In 1988, along with her partner Sue Hardman, and the other researcher Stephen Briggs and Peter Wilson, Price published a Festschrift for Mary Kitson Clark, a leading female authority on Roman Yorkshire titled Recent Research in Roman Yorkshire: studies in honour of Mary Kitson Clark (Mrs Derwas Chitty).

Price conclusively identified a Roman glass shard excavated at Chedworth Roman villa in 2017, by matching the fragment to a restored fish-shaped bottle held by the Corning Museum of Glass in New York. This showed that the bottle was made in the Black Sea area, and is the only vessel of its kind ever found in Britain, making it startlingly rare. Her discovery gives further insight into the wealth and status of the inhabitants of Chedworth.

===Awards and honours===
She was elected as a Fellow of the Society of Antiquaries of London on 2 March 1978.

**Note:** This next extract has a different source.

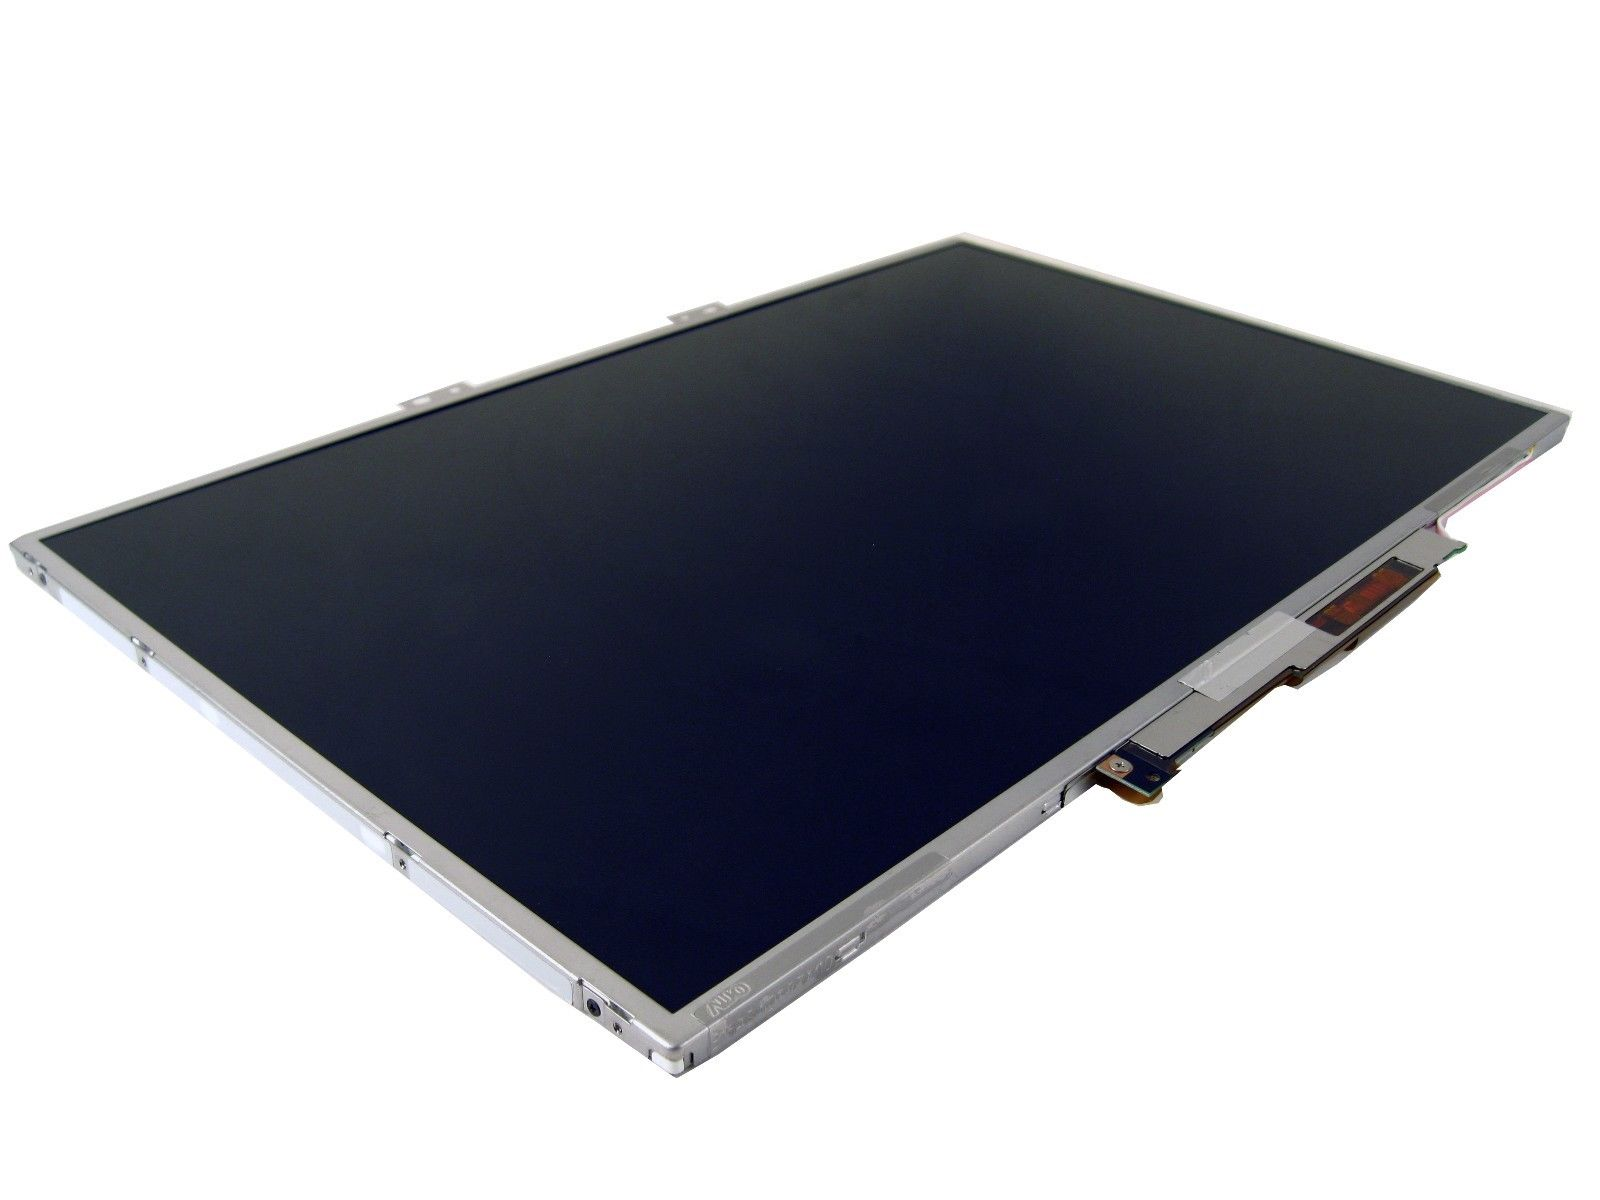 "Dell NX380 LCD Panel QD15AL01 (Rev. 04) 15.4"" WSXGA"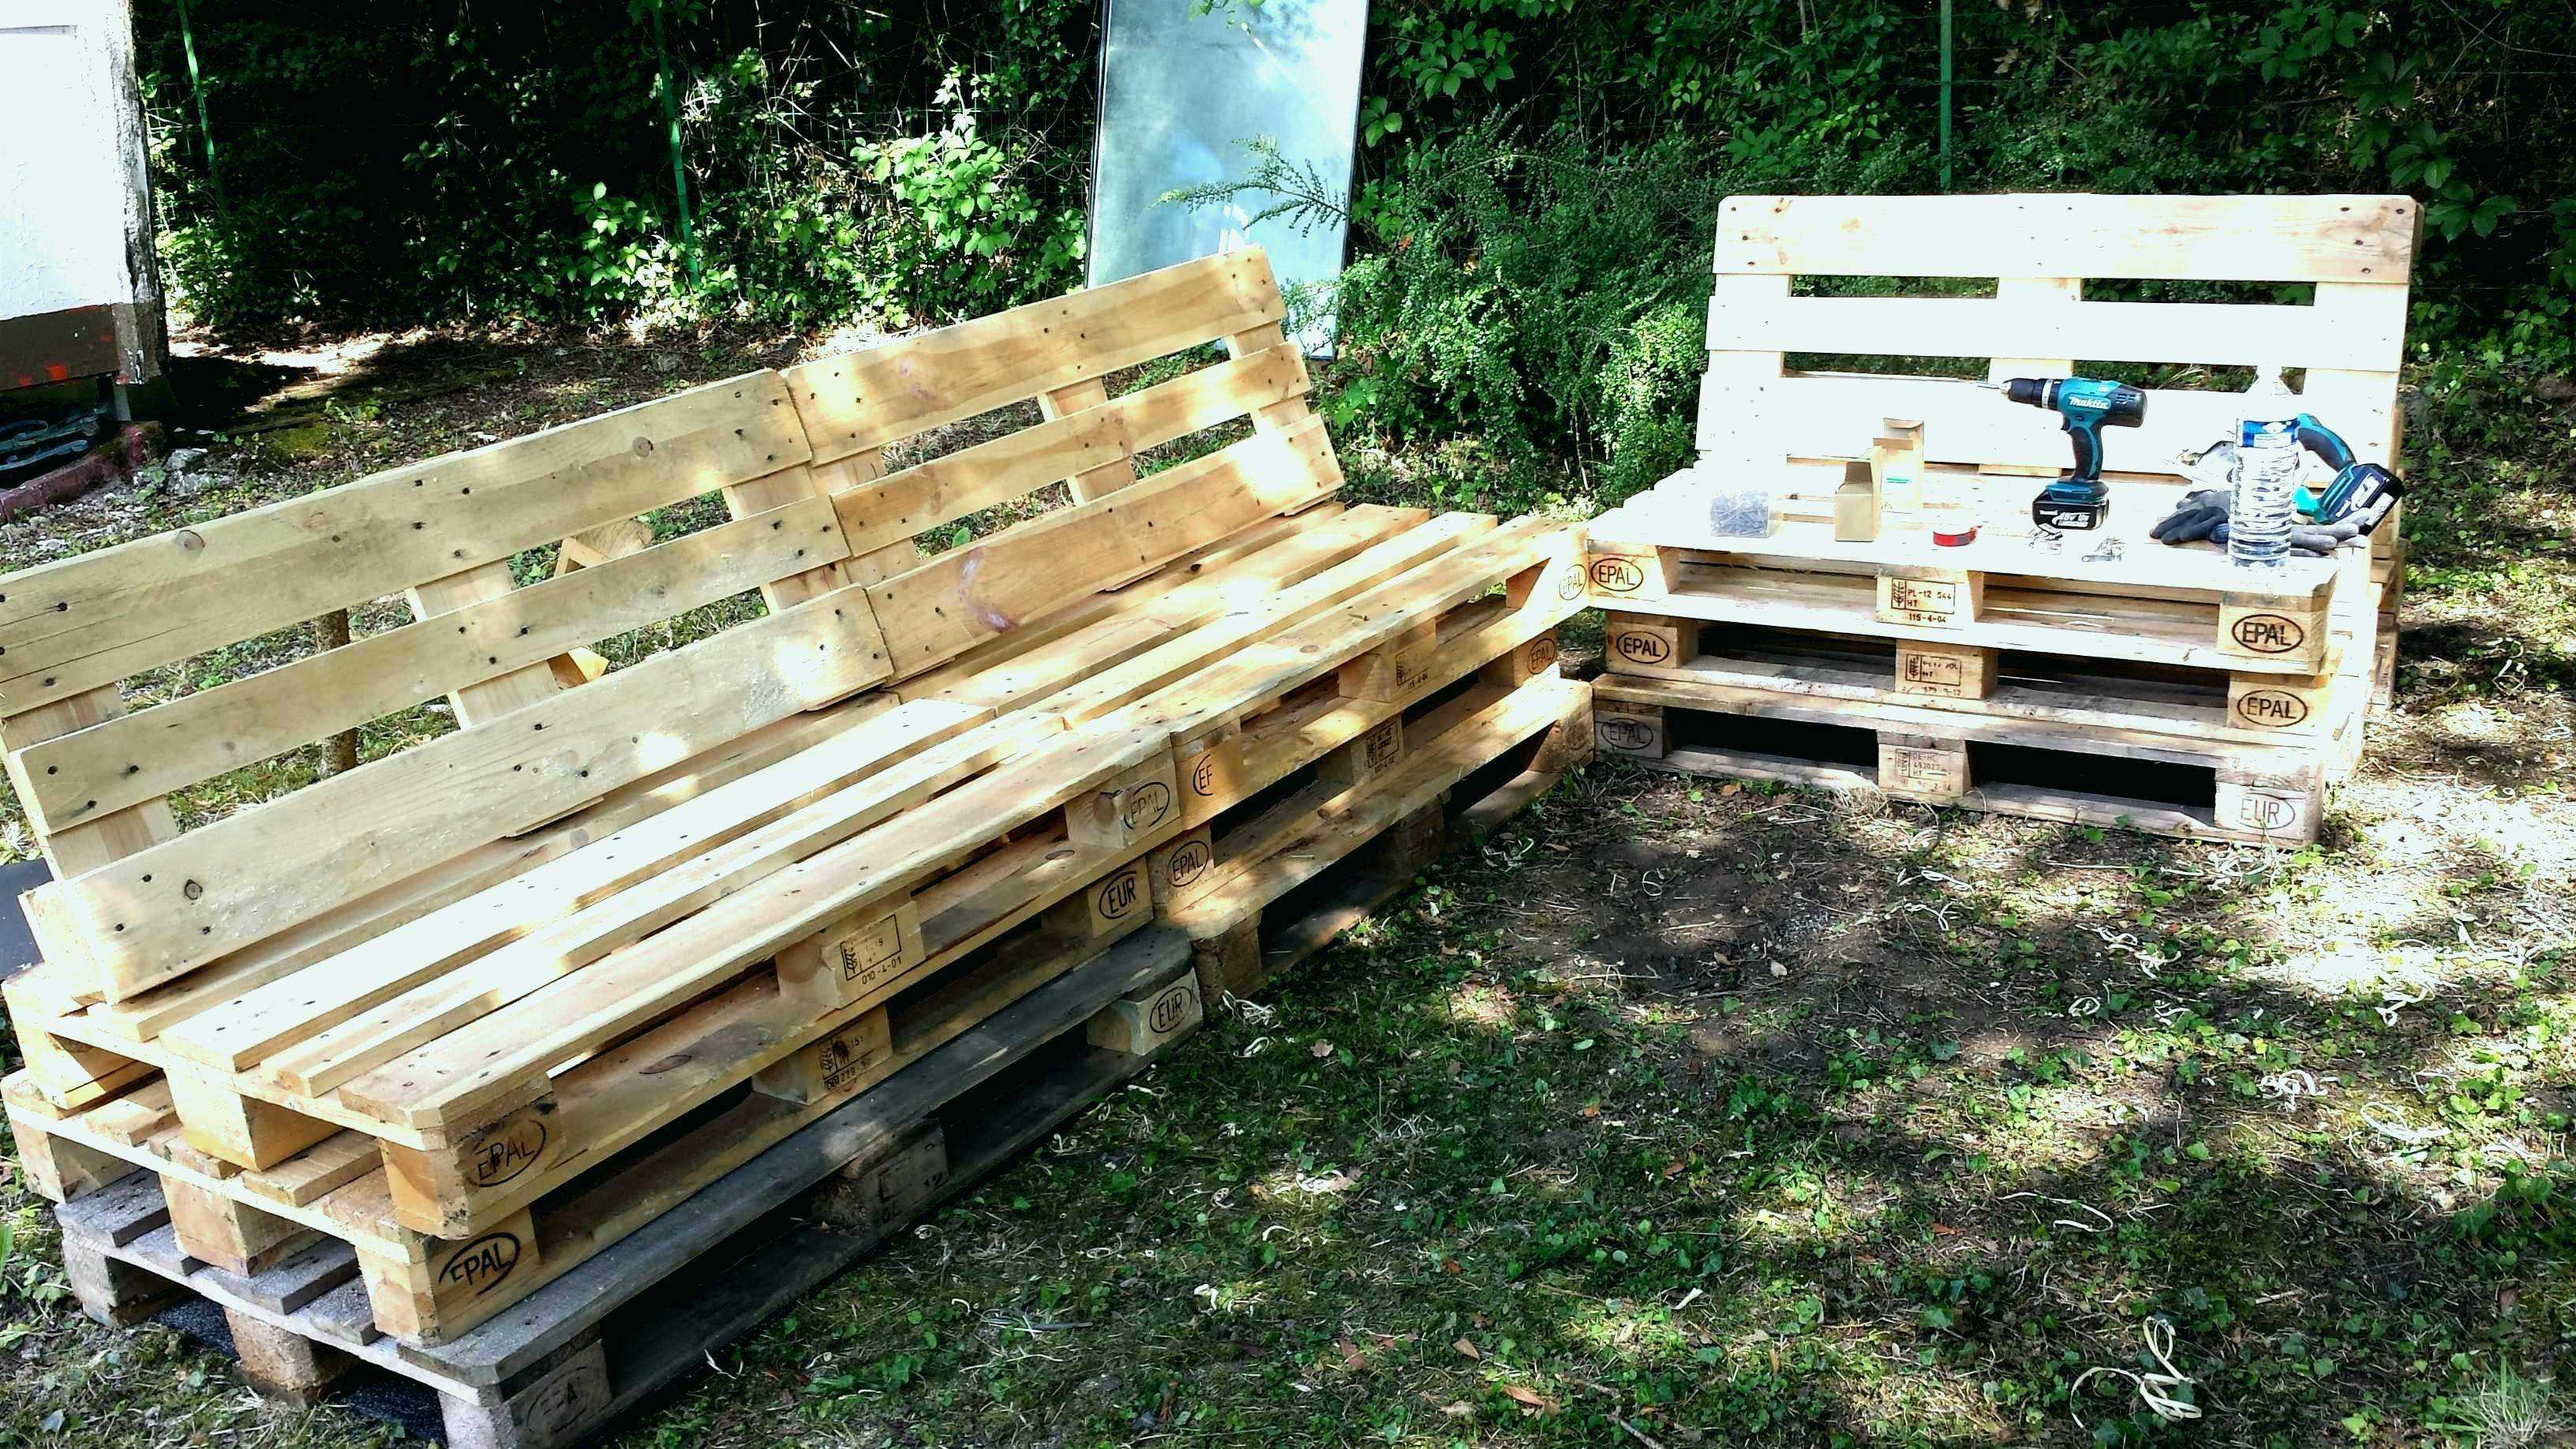 Fabriquer salon de jardin pas cher - Mailleraye.fr jardin

In 2006, to mark her retirement, a two-day conference was held in her honour by the Association for the History of Glass. A 2015 collection of papers, titled Glass of the Roman World was also dedicated to Price.

==Select publications==
- Price, J, Wilson, P, Hardman, S., and Briggs, S. (eds) 1988. Recent Research in Roman Yorkshire: studies in honour of Mary Kitson Clark (Mrs Derwas Chitty)
- Price, J. 1998. "The social context of glass production in Roman Britain". In McCray, P. The Prehistory and History of Glassmaking Technology. 331–348.
- Price, J. 2000. "Late Roman glass vessels in Britain, from AD350 to 410 and beyond". In Price, J. Glass in Britain and Ireland, AD350-1100. London: The British Museum. 127: 1-31.
- Price, A., Cool, H. and Cottam, S. 2002. "The glass". In Wilson, P. R. Cataractonium: Roman Catterick and its hinterland. Excavations and research 1958-1997. York: English Heritage. CBA Research Report 128: 207–259.
- Price, J. 2003. "Broken bottles and quartz-sand: glass production in Yorkshire and the North in the Roman period". In Wilson, P. R. and Price, J. Aspects of industry in Roman Yorkshire and the North. Oxford: Oxbow. 81–93.
- Price, J. 2004. "Romano-British and early post-Roman glass vessels". Trethurgy excavations at Trethurgy Round, St Austell community and status in Roman and post-Roman Cornwall. H Quinnell Cornwall: Cornwall County Council. 85–92.
- MacMahon, A. and Price, J. 2005. "Glass-working and Glassworkers in Cities and Towns". In MacMahon, A. and Price, J., Roman Working Lives and Urban Living. Oxford: Oxbow Books. 167–190.
- Price, J. 2012. "Urban and maritime glass assemblages in the western and eastern Mediterranean" (review article). Antiquity 84. 254–257.
- Price, J. 2014. "Personal possessions or traded goods? Finds of decorated mould-blown glass vessels on Flavian sites in northern Britain" in Collins, R. and McIntosh, F. (eds) Life in the Limes: Studies of the Peoples and Objects of the Roman Frontiers Oxford, Oxbow. 140–151.